It feels as though Arsene Wenger reached a fork in the road in Italy on Wednesday night and I’m fascinated to see which way he turns. Having previously never dared to publicly criticise his pampered players so vociferously, Wenger let rip in his post-match comments, letting the world know that their performance was not good enough. He followed that up with an extraordinary private dressing down on Thursday that apparently shocked the players as he finally seemed to lose patience with his under-performing stars.
We are now in uncharted territory and Wenger has two choices for today’s team selection:
1) He gives the same players a chance to make some sort of amends by picking them again.
2) He follows up his big talk with some action and drops those who’ve not been pulling their weight.
Wenger is not a fan of option two. His man management strategy has generally been to keep picking players he has faith in no matter how badly they perform, offering the carrot instead of the stick. In certain cases it works well — Song, Koscielny and even van Persie are now established first-choice players despite uncertain starts to their Arsenal careers. Wenger supporters often cite this as a reason to keep faith in him, but there have been far more players who haven’t responded to his gentle, fatherly nurturing — Denilson, Bendtner, Eboue, Aliadiere, Senderos and Traore spring to mind.

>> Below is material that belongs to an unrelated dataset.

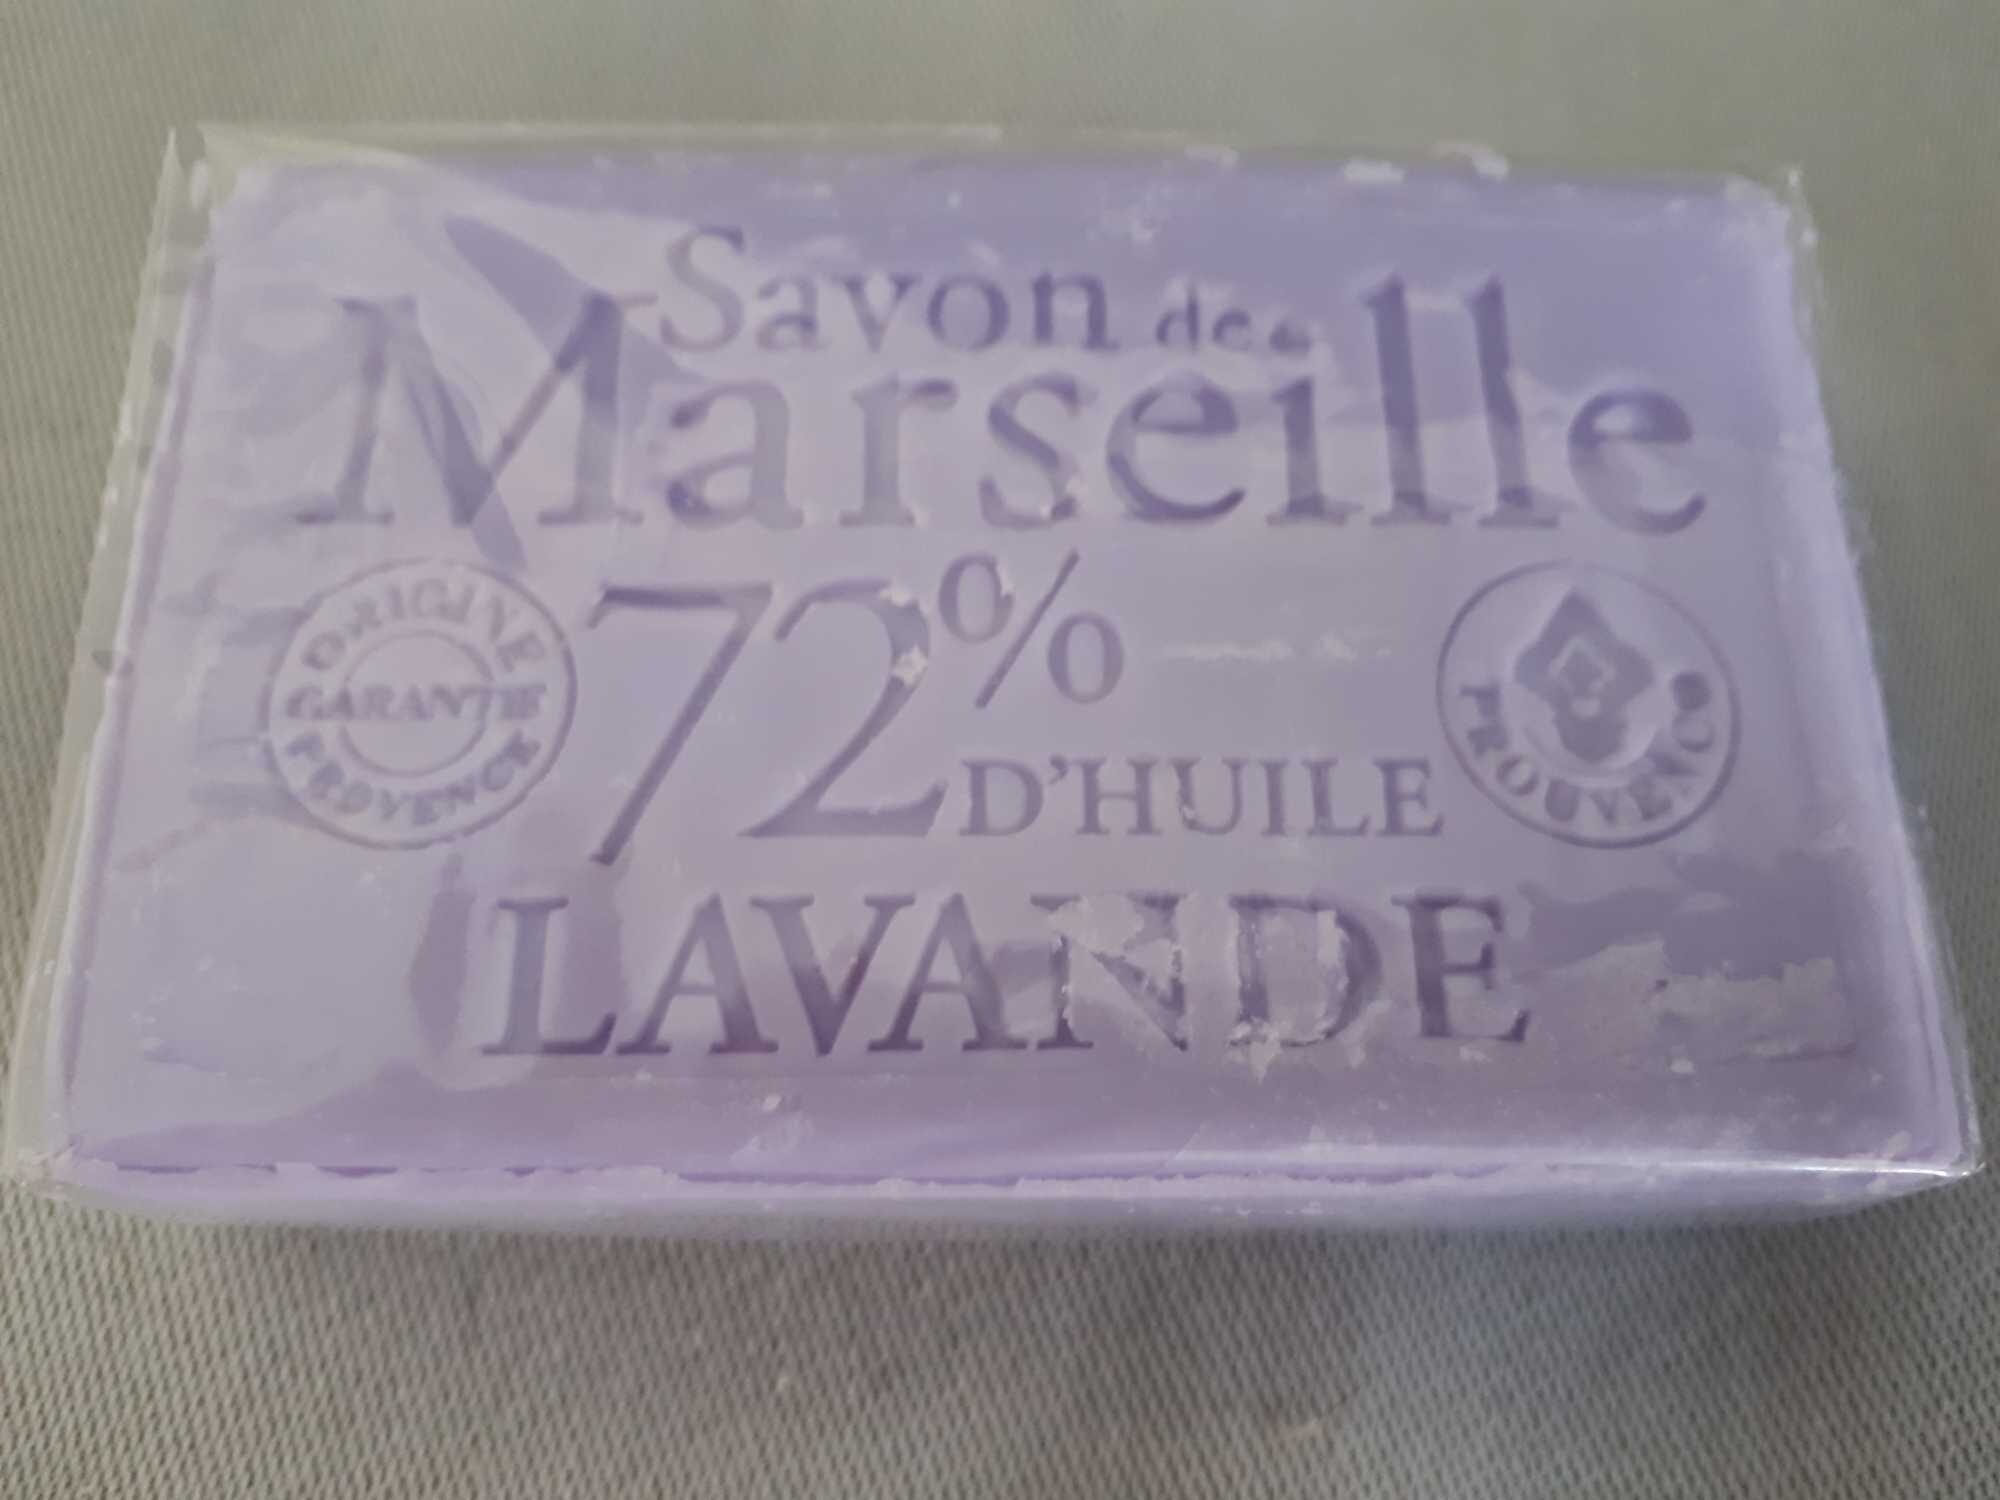 Savon Lavande 100g - Product - fr

You want £90k a week? Show that you deserve it then
Now would be the ideal opportunity to hammer home the message that having talent and potential isn’t enough — you need application, spirit and a competitive edge. They need to show a burning desire to win and not be allowed to simply go through the motions safe in the knowledge they’ll be picked for the next game no matter what.
Wenger would be well within his rights to drop some or all of Walcott, Song, Rosicky, Ramsey and Djourou. In fact it would be long overdue in some cases. He could replace them with Oxlade-Chamberlain, Coquelin, Gervinho, Benayoun and Squillacci. Yes, even Squillacci — could he really play any worse than Djourou did?
So which way will Wenger go and what are the ramifications?
If he chooses option one and the team doesn’t respond, it’s a disaster. It would be a clear sign that Wenger has lost the dressing room and can’t motivate the players any longer. If he cannot coax a reaction from them after the fallout from Milan, it’s evidence these players no longer believe in him or his methods.
If they do respond though, we may well save a season that is heading for disaster. As I write this I have one eye on a woeful Chelsea performance against Birmingham in the FA Cup — they are in freefall and as inconsistent as we are I feel we can still nick fourth place from them if Wenger can somehow instill some hunger and desire in his team.
If he goes with option two it could be seen as an admittance from Wenger that placating these players and accepting their mediocre performances for so long has been a mistake. It may even hint at a shift in his principles and the emergence of a more ruthless Wenger, which I don’t think would be a bad thing at all.
I don’t know what the correct course of action is for today, but then I’m not paid £7m a year to figure that out. I hope he makes the right call and my gut tells me he will go with option one. What I do know is that today’s team selection and subsequent performance carries a lot more significance than usual. I think we are going to find out an awful lot about the players and Wenger by the end of the day.